Exercise brief – Write back, word for word, the lines from the one containing "Sanytol laundry disinfectant 1L" to the end of the listing below. Include nothing else, and no pictures.

START Exercise data

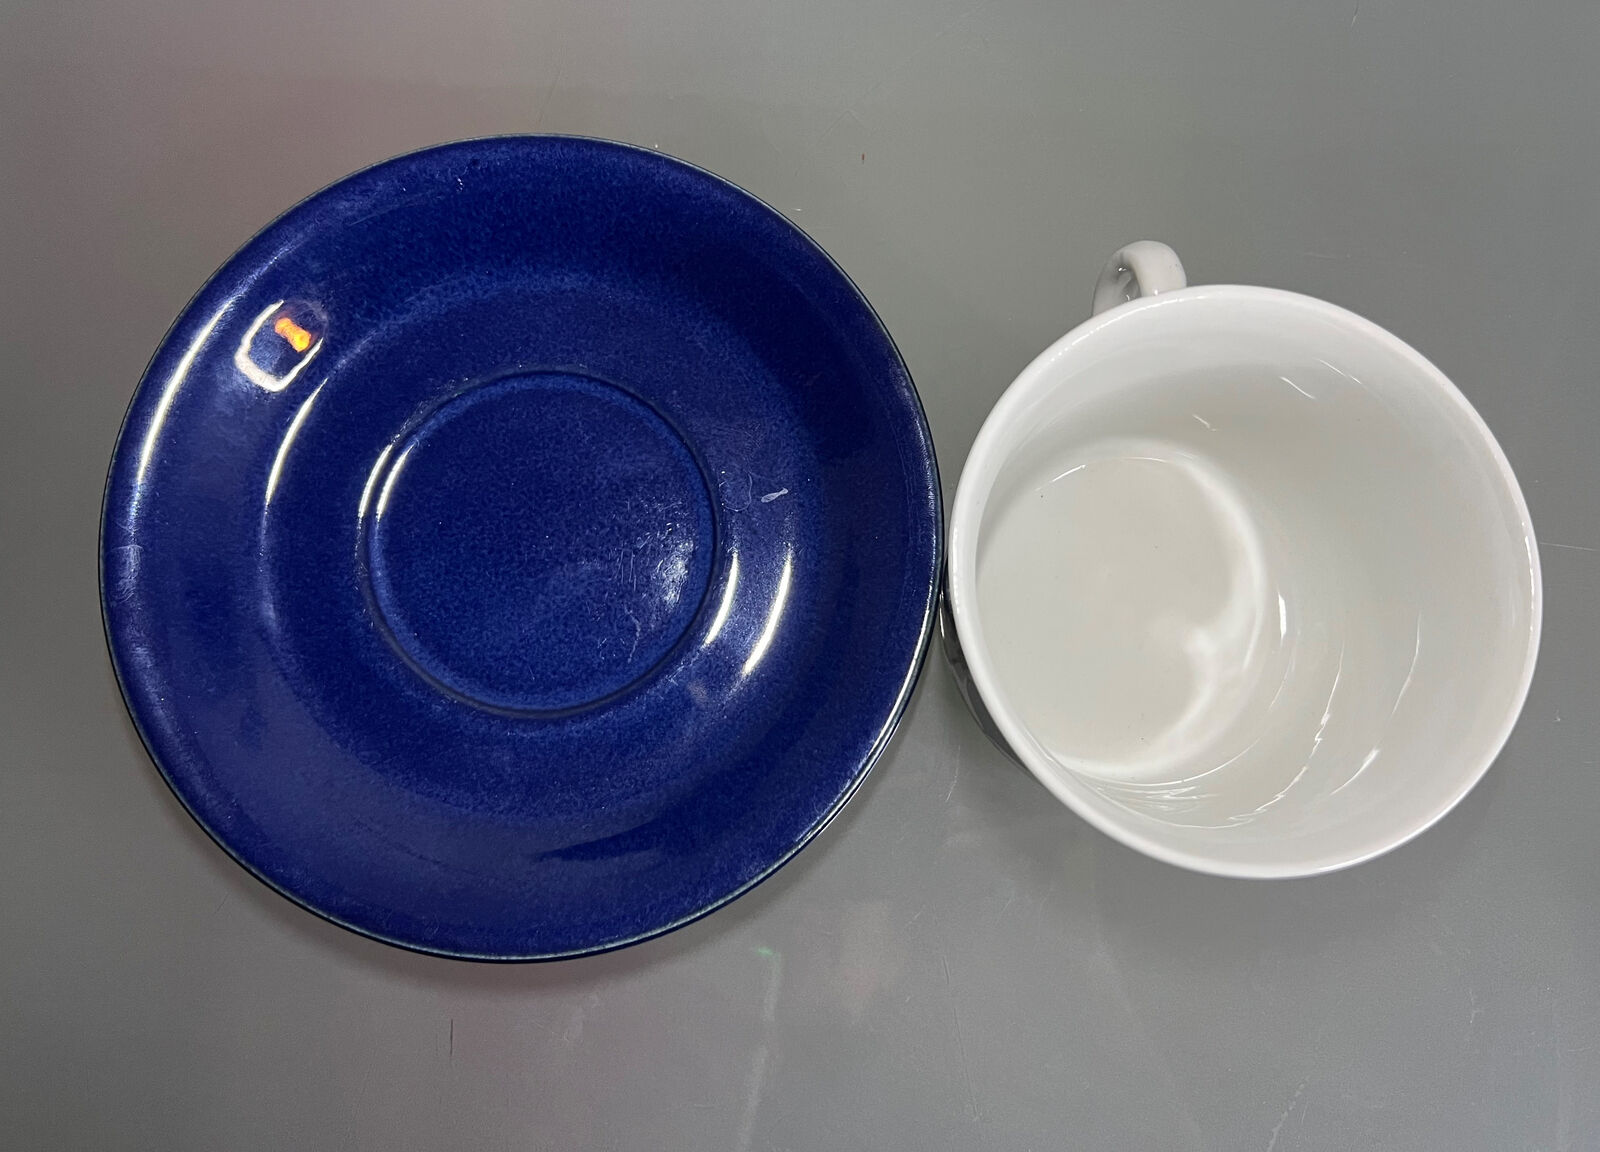 Gefle Groblad (Blue) Tea Cup with Saucer by Barbro Löfgren-Örtendahl
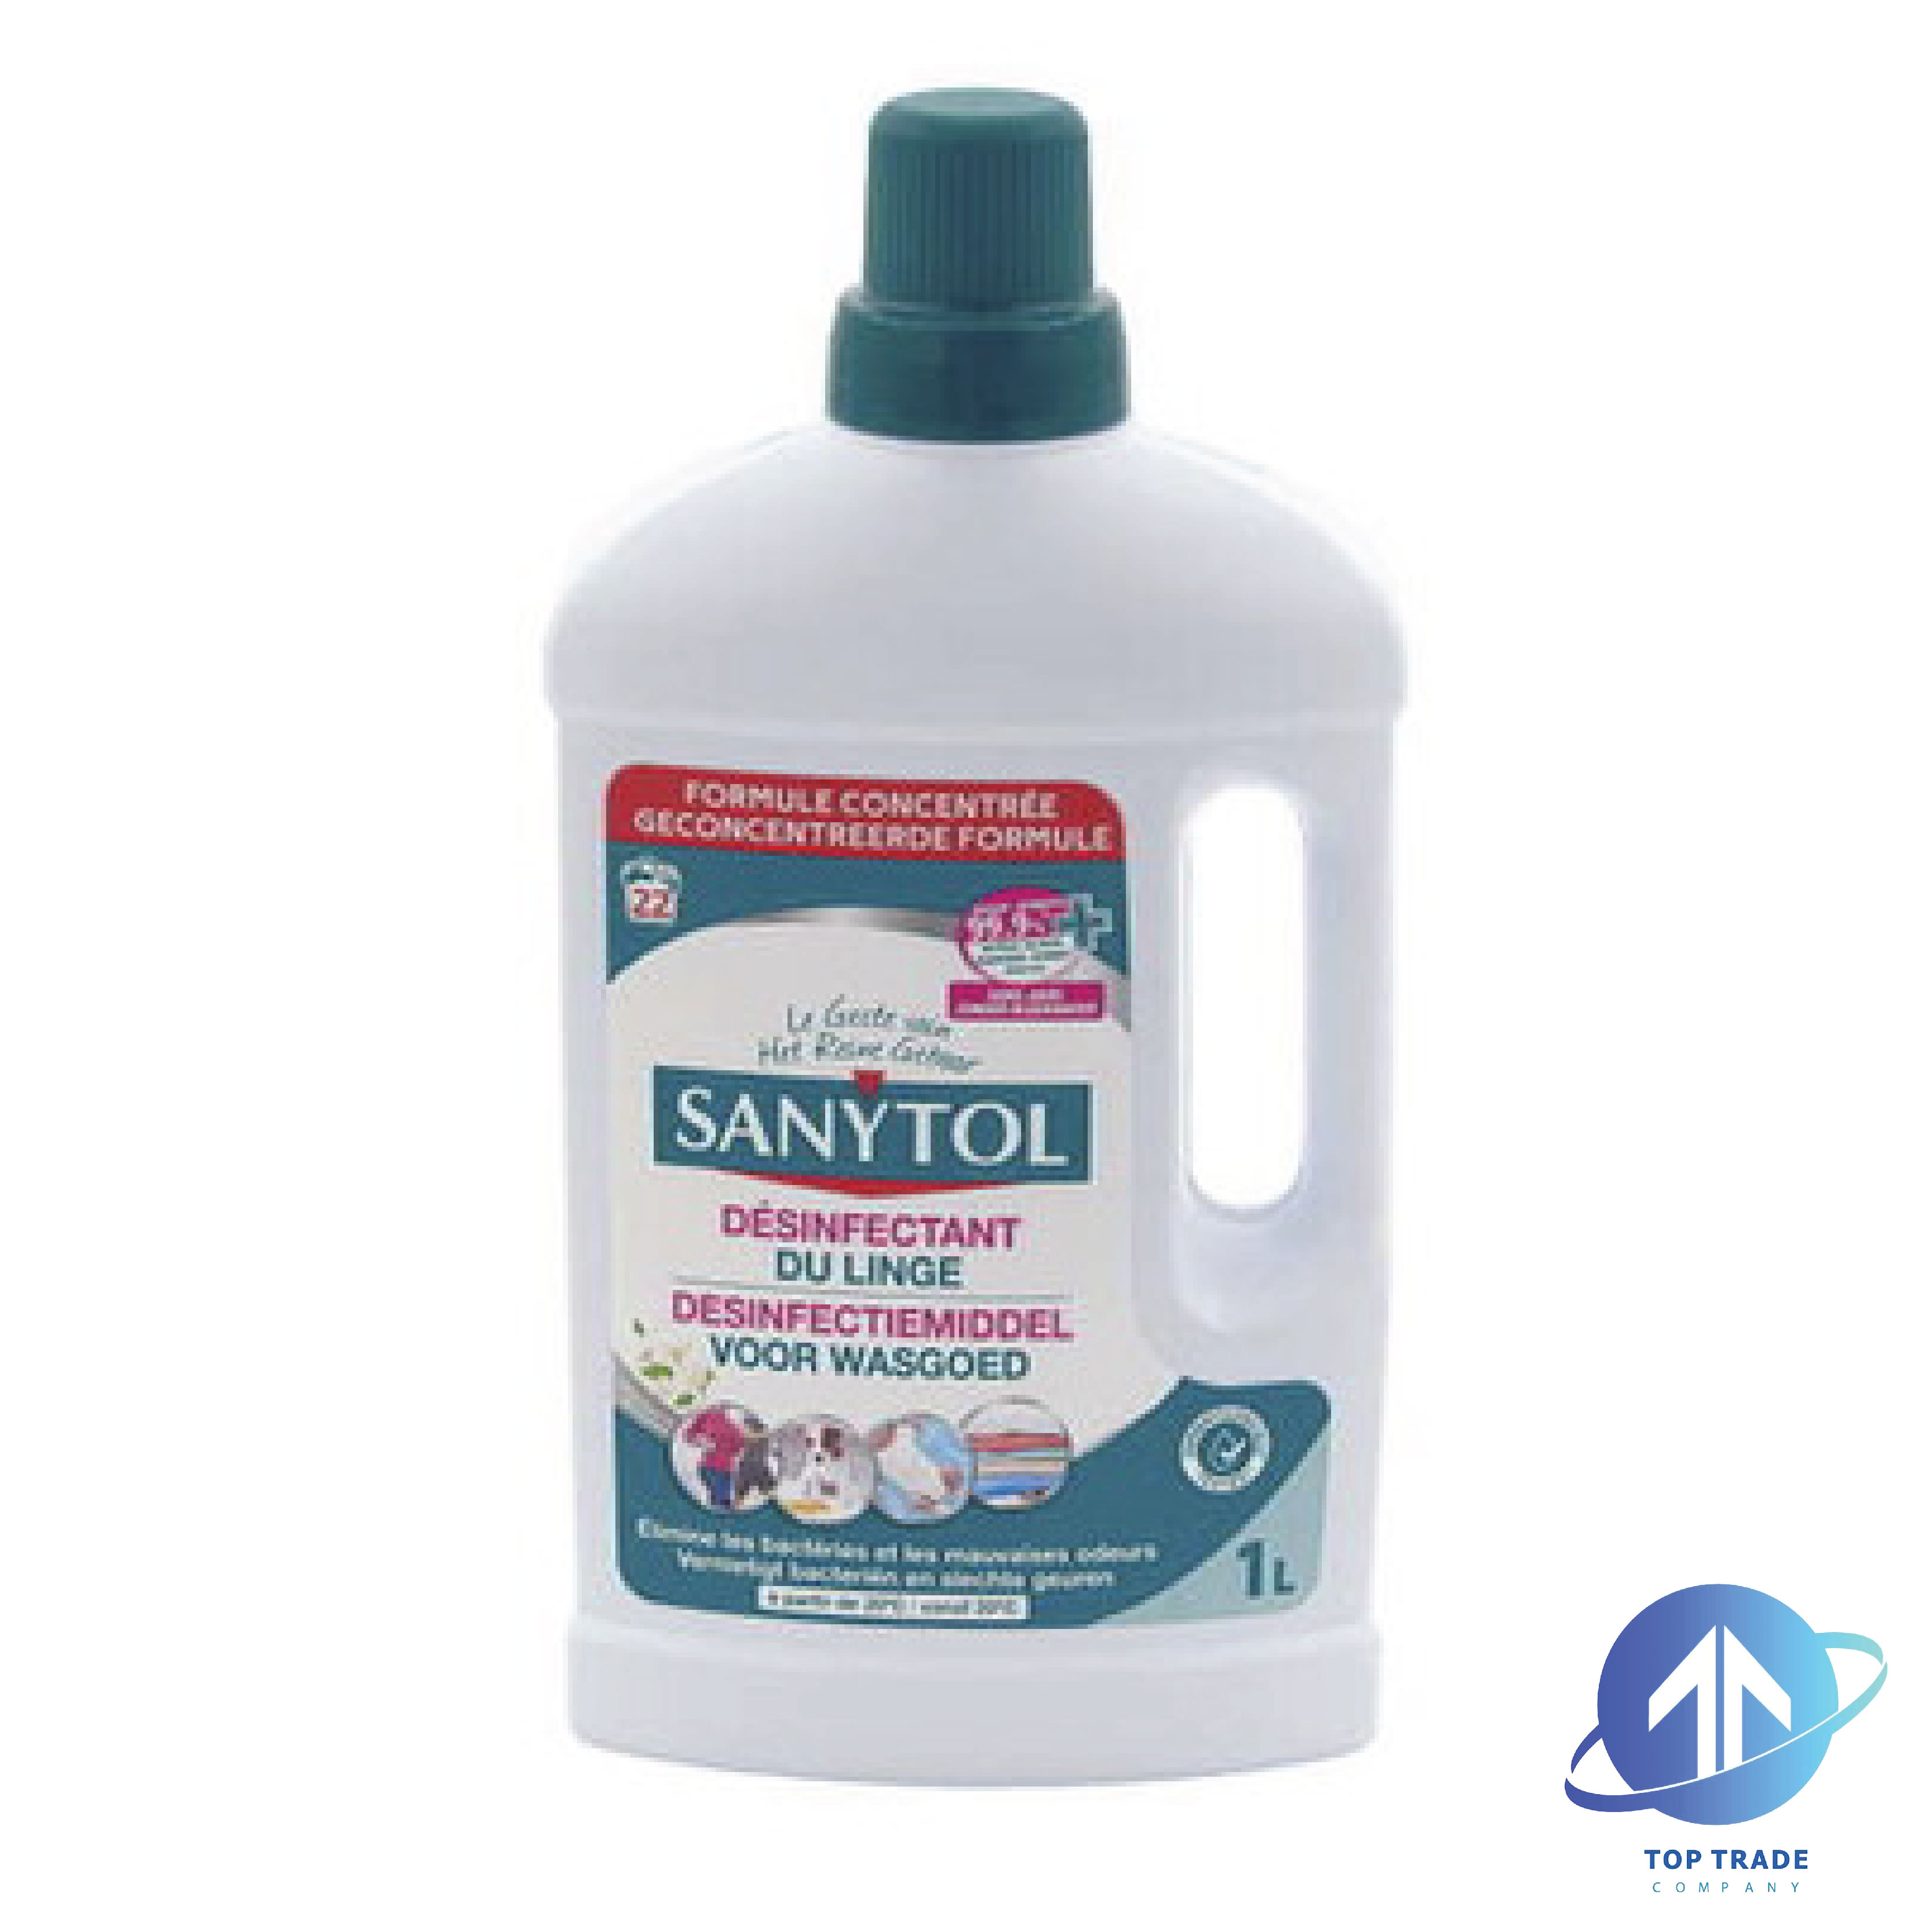 Sanytol laundry disinfectant 1L
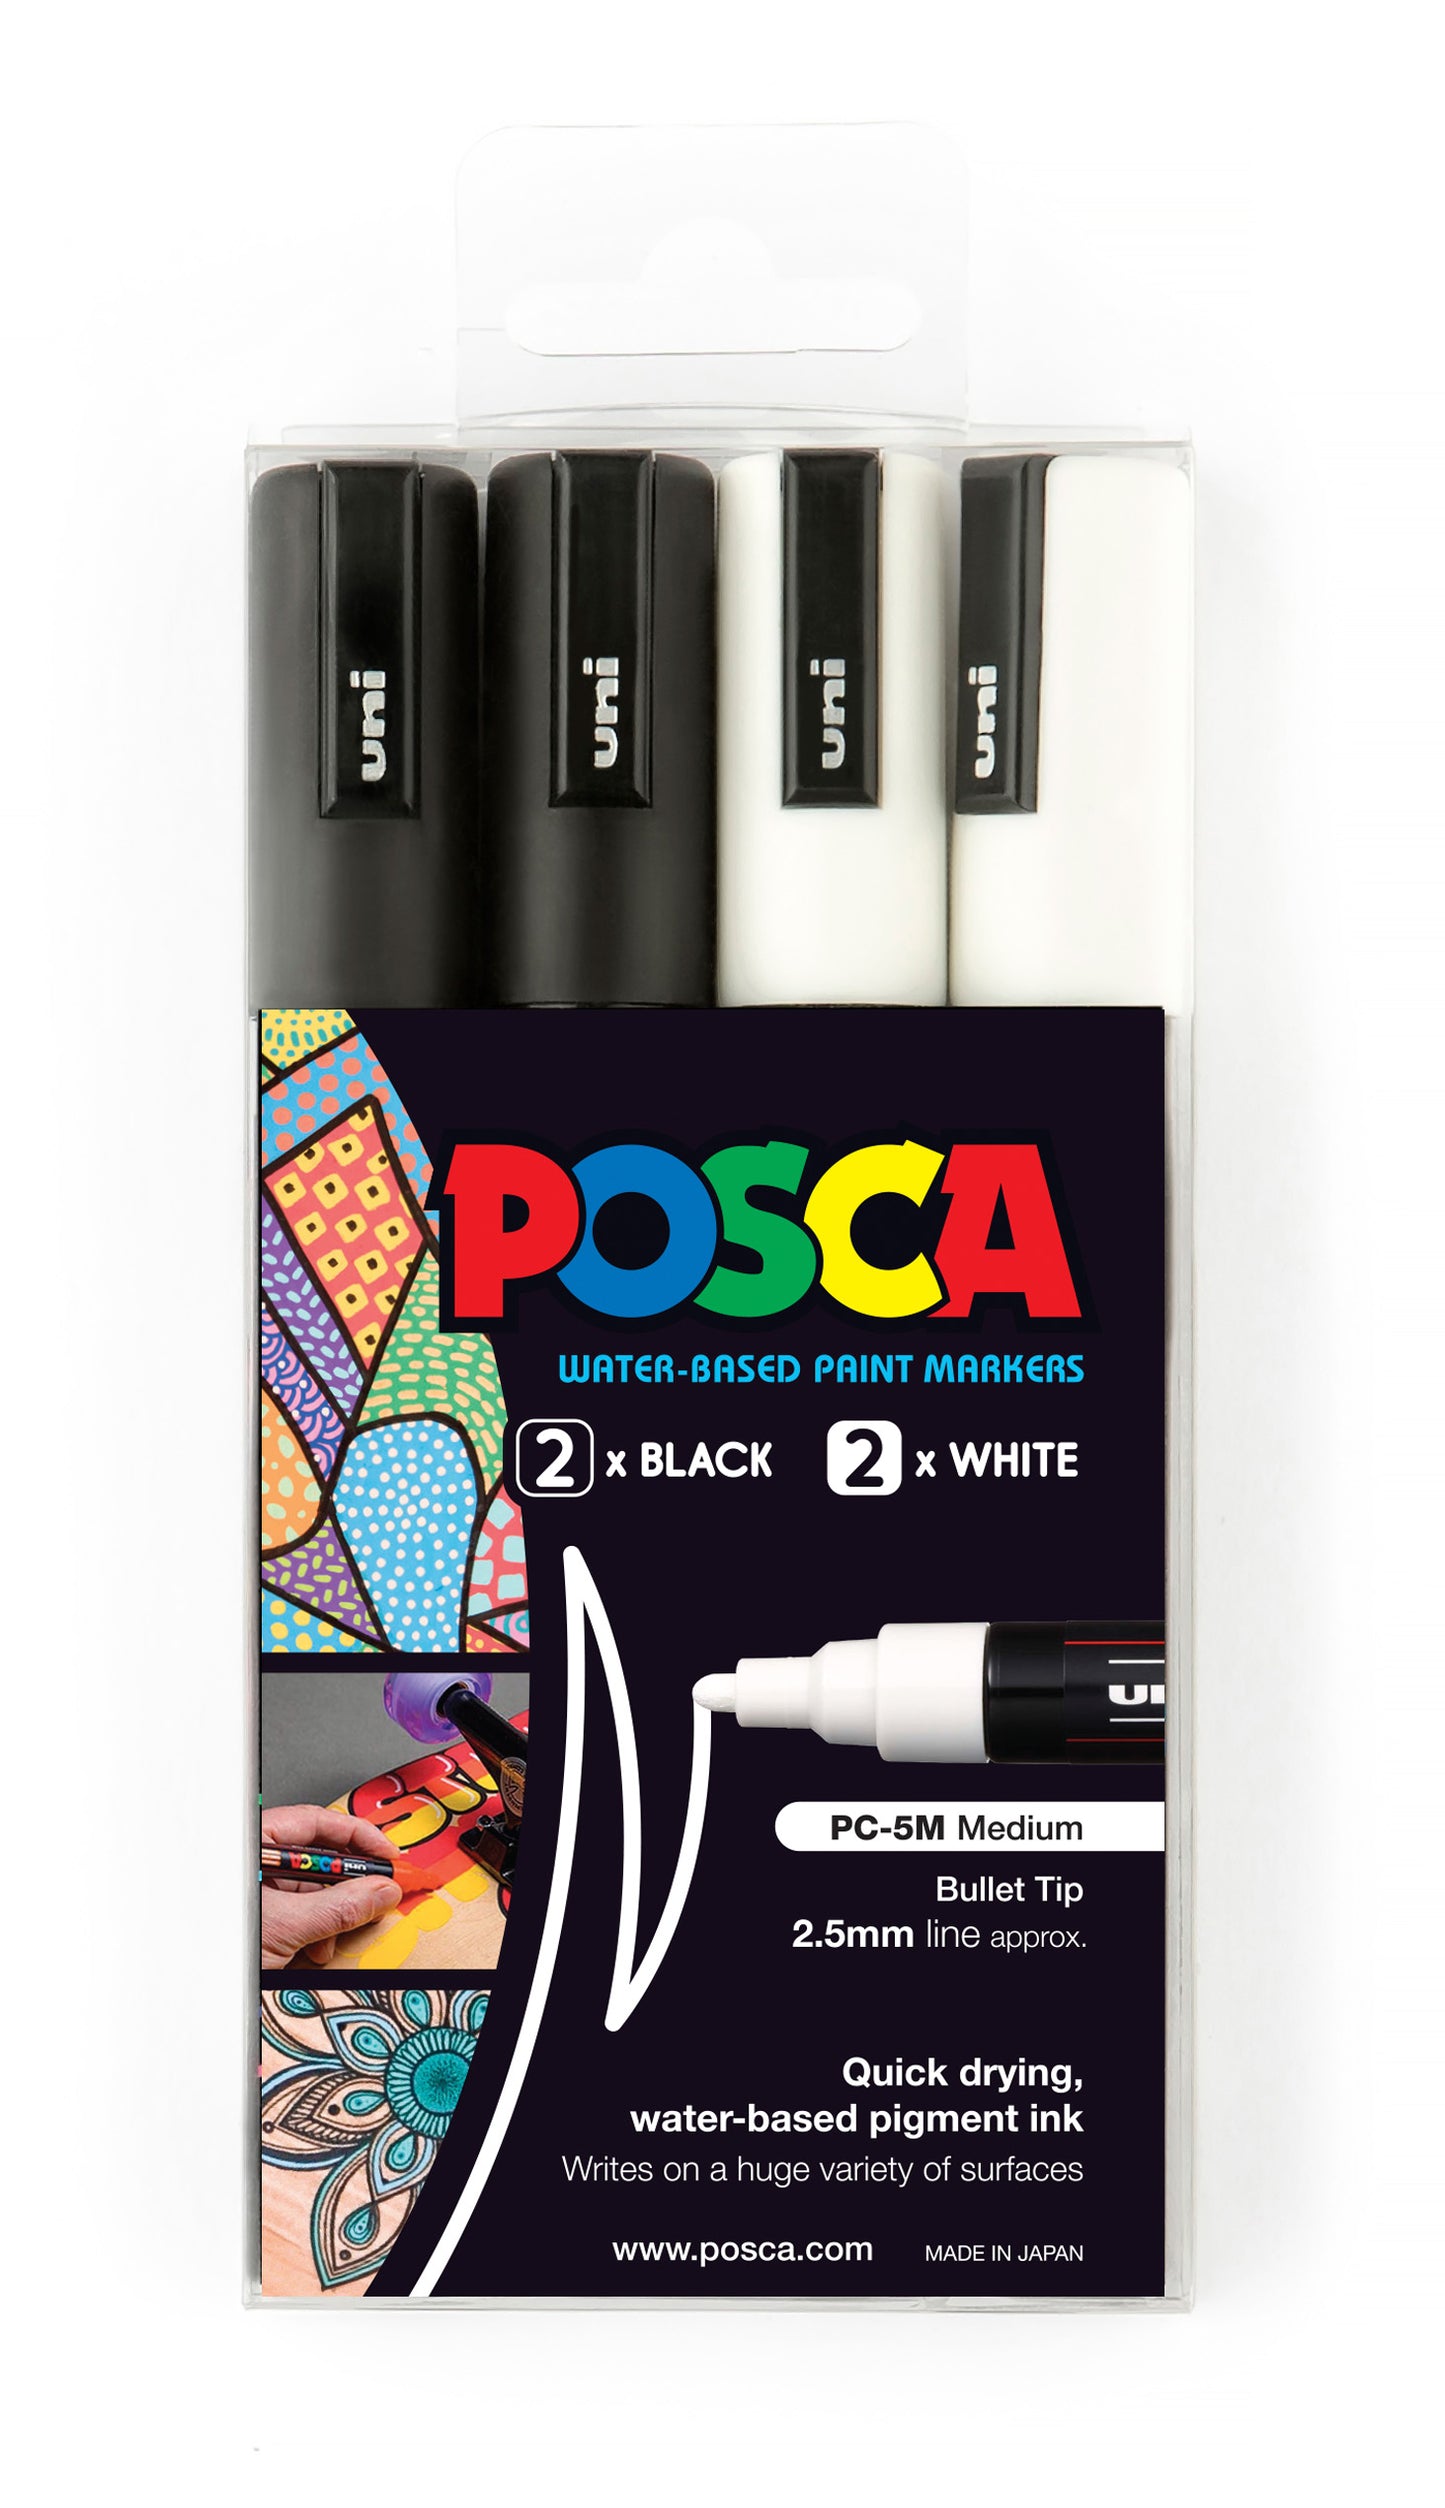 Clarkes The Art Shop, Brighton on Instagram: Posca pens on black

END Exercise data

Response to this exercise –
 Sanytol laundry disinfectant 1L
 Clarkes The Art Shop, Brighton on Instagram: Posca pens on black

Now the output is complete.